From: Mike Brown <mbrown@webb.net>
Date: Fri, 27 Apr 2001 12:05:06 -0600
Message-ID: <8D96EDA0AC04D31197B400A0C96C1480F70AC0@ossex1.webb.net>
To: "'duerst@w3.org'" <duerst@w3.org>, Mike Brown <mbrown@webb.net>, "'unicode@unicode.org'" <unicode@unicode.org>
Cc: www-i18n-comments@w3.org
I asserted, referring to section 4.2.2 of the XML spec:
>> <!ENTITY greeting SYSTEM 
>> "http://somewhere/getgreeting?lang=es&name=C%C3%A9sar">
>> ]>
>> 
>> The name Ce'sar is represented here as C%C3%A9sar in the 
>> UTF-8 based escaping, as per the XML requirement.

You replied:
> What the XML spec (and all the others mentioned above) say is 
> something different.
>
> - If you use non-ASCII characters directly in a system id, 
>   they're converted using UTF-8.
> - If you want anything else, use exactly the %-escapes you 
>   want. You won't get the benefit of using the actual
>   character in the source document.

OK, I can now see how this is the same as in HTML, where the spec is saying
what a document processor should do when it encounters malformed URI
references.
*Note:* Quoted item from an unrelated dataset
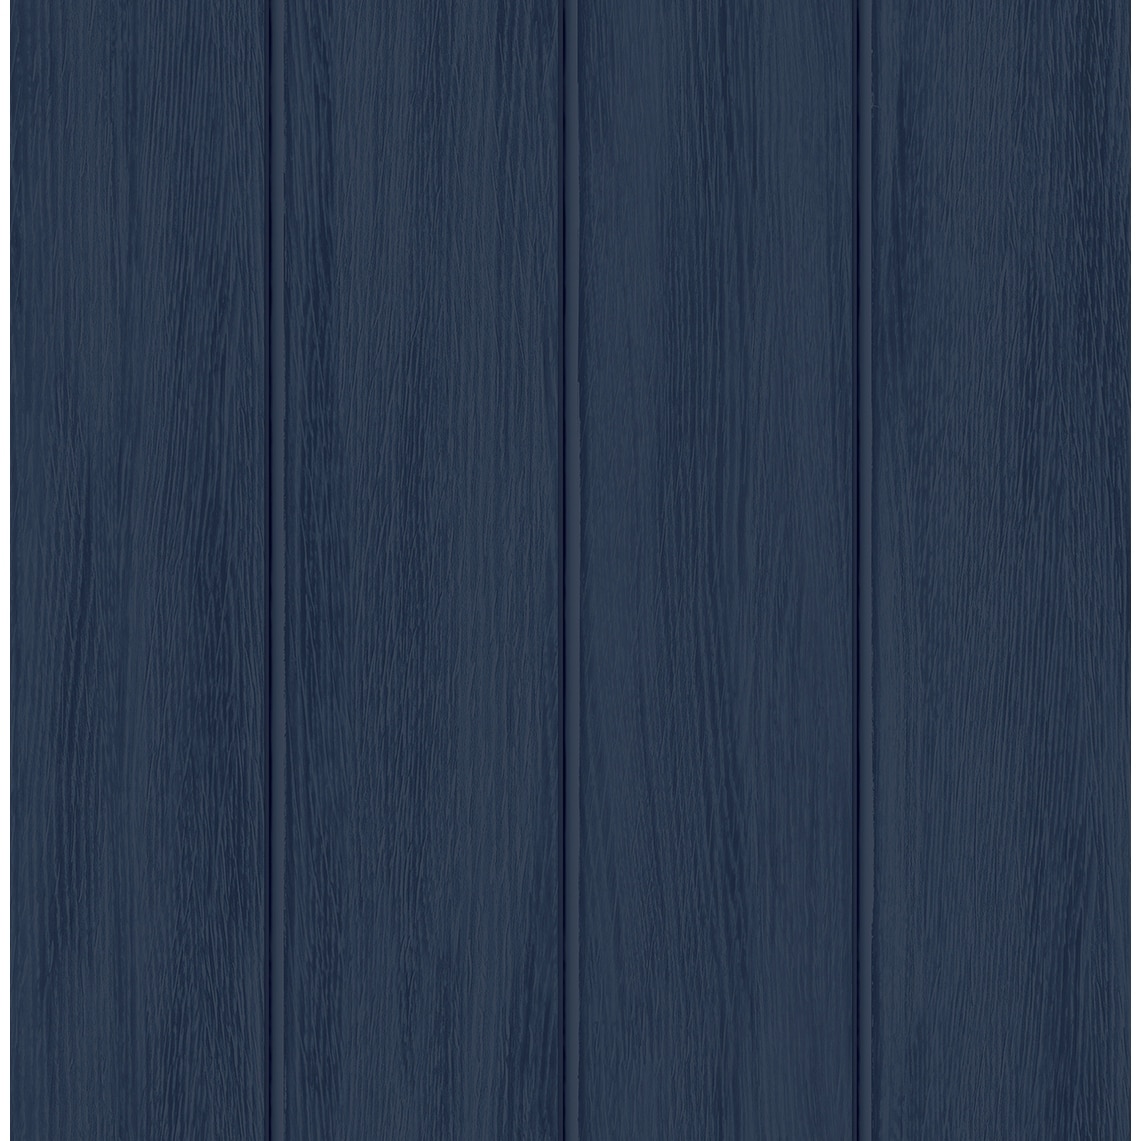 Chevron Wood Panel wallpaper in navy blue

The way it is worded in the main spec, it looks to me like it is
telling a document author how to go about writing a URI reference. However,
I am willing to admit I am wrong. In my own paper I even mentioned the
erratum to the XML spec that changes the wording to indicate that this
section is in fact intended for an XML processor. Yeesh.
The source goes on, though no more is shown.